Information supplied —
=== Begin Enclosure ===
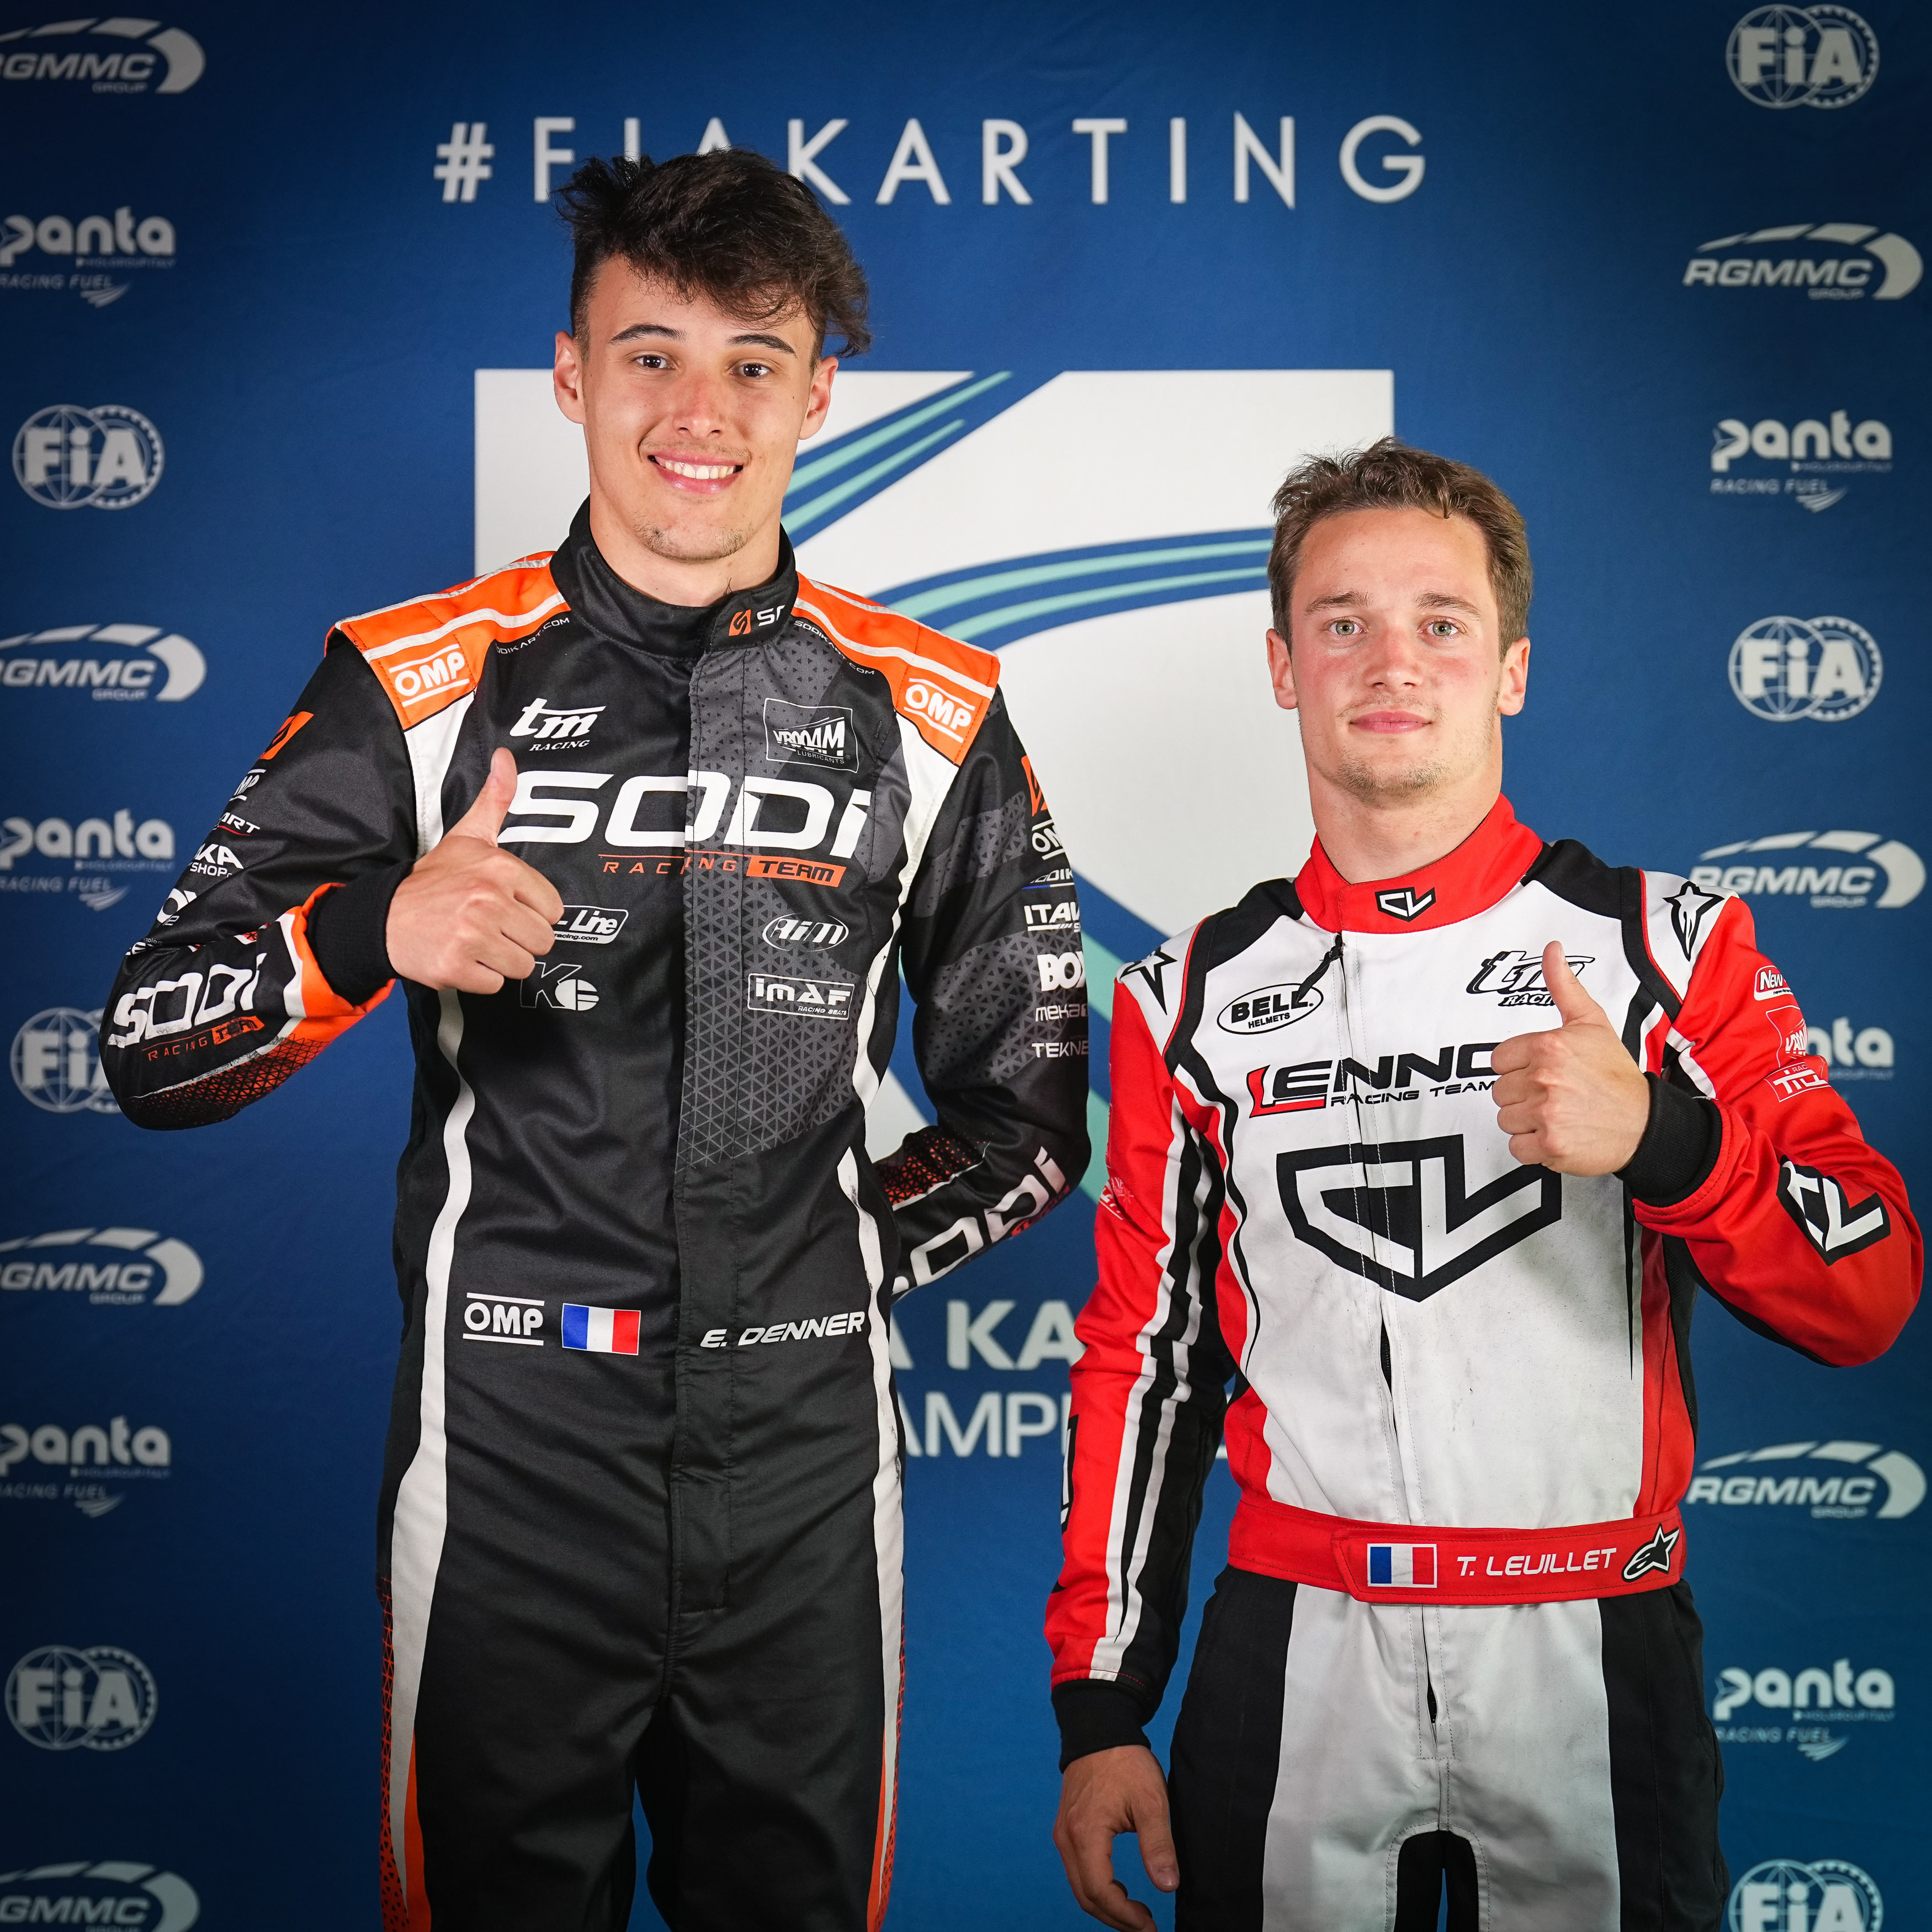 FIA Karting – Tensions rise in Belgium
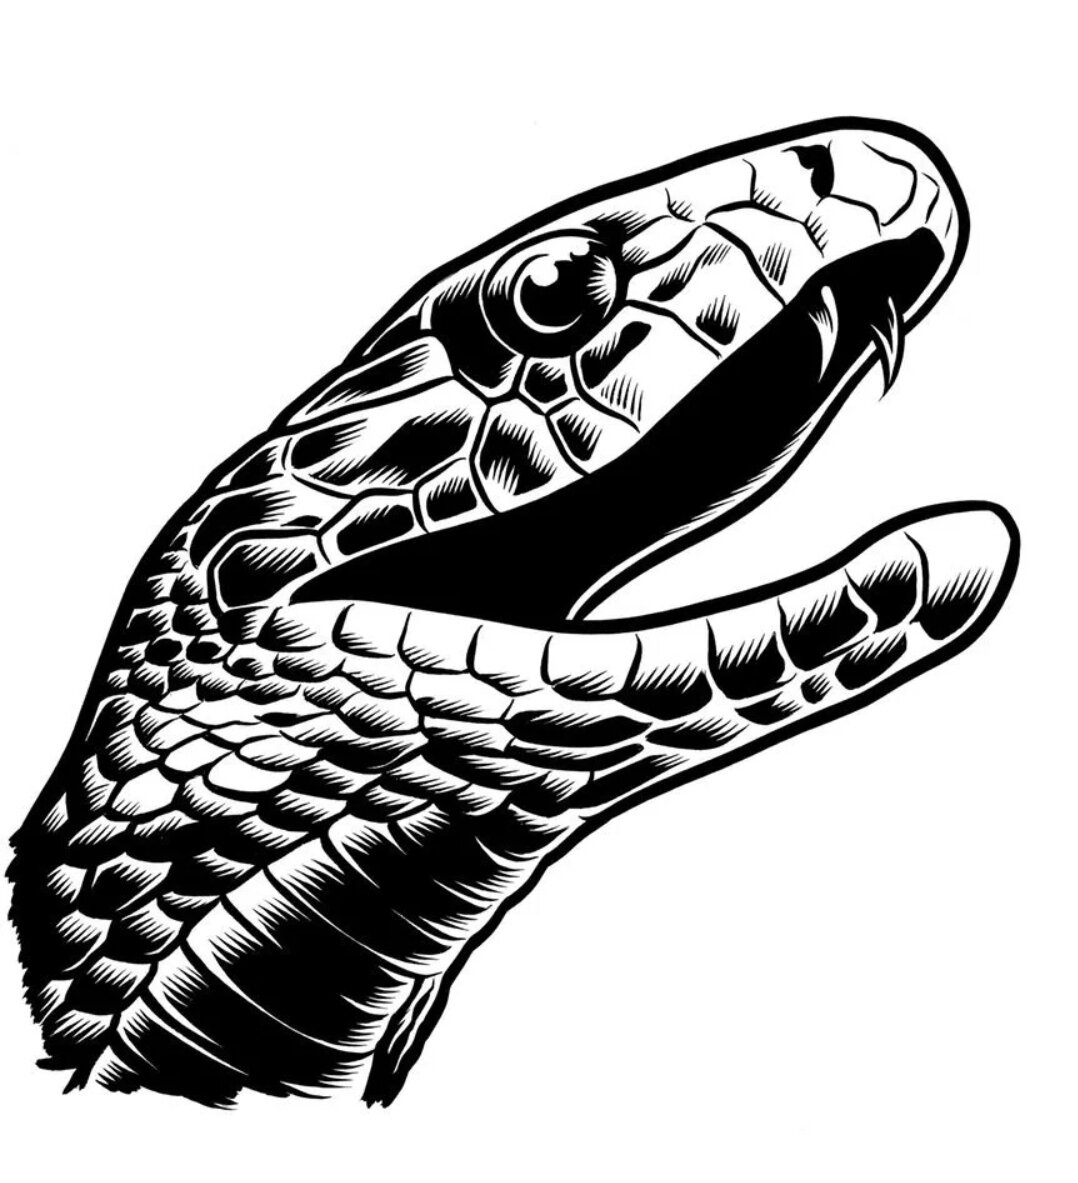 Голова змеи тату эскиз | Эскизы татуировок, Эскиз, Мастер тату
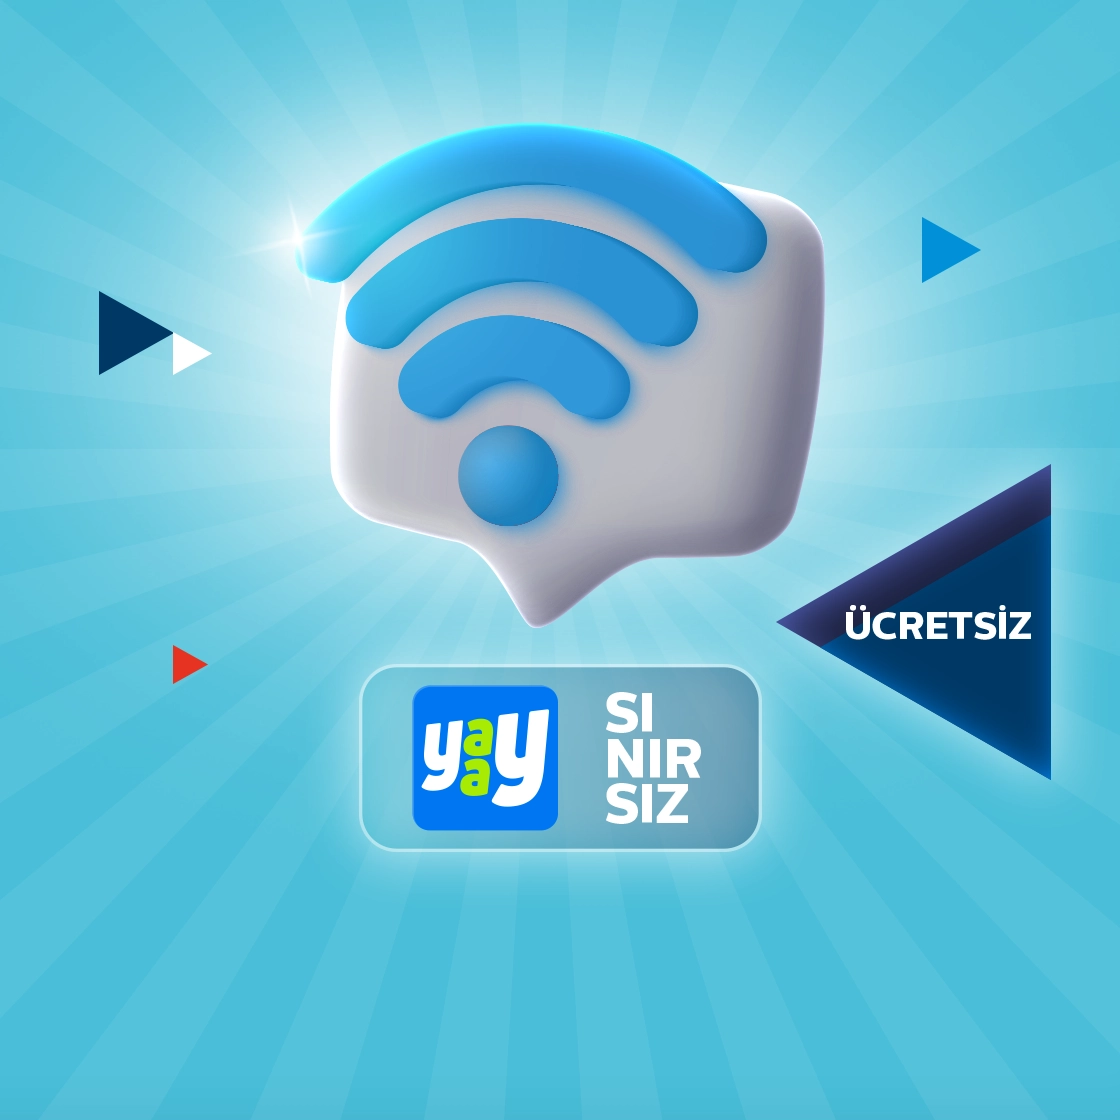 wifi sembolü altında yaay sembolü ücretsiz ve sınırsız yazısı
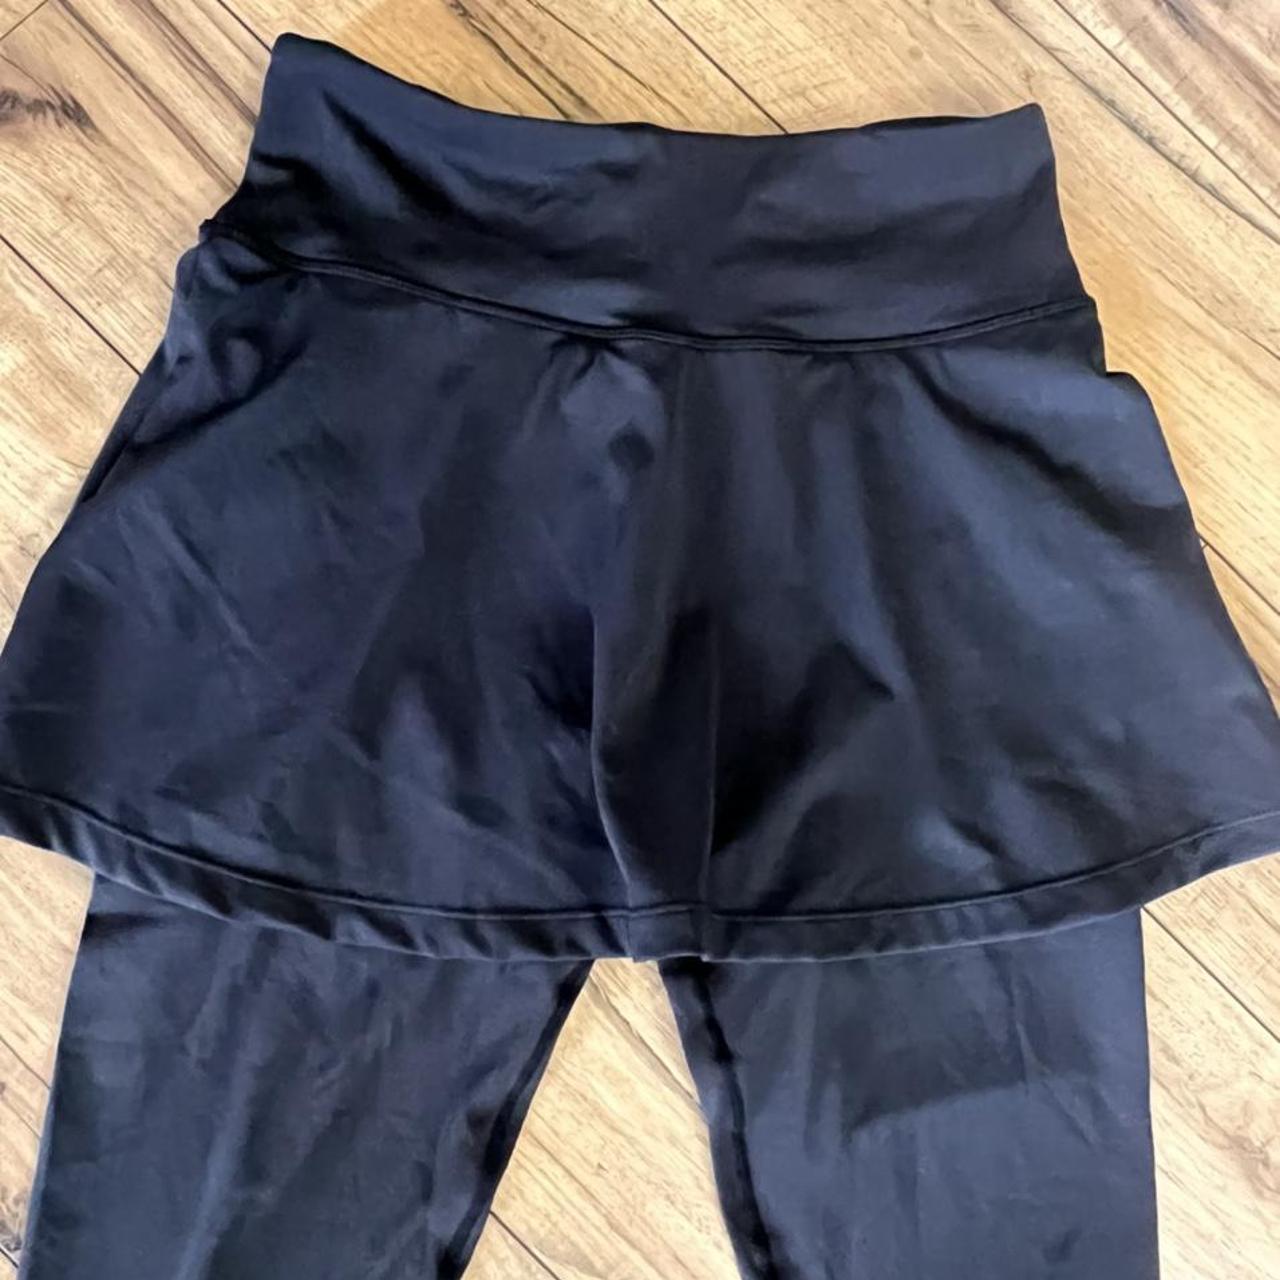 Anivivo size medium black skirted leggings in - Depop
=== End Enclosure ===
Assignment —
Copy exactly the lines running from the line with "Голова змеи тату" to the final line of the listing, keeping both ends and dropping any picture.

Answer space —
 Голова змеи тату эскиз | Эскизы татуировок, Эскиз, Мастер тату
 wifi sembolü altında yaay sembolü ücretsiz ve sınırsız yazısı
 Anivivo size medium black skirted leggings in - Depop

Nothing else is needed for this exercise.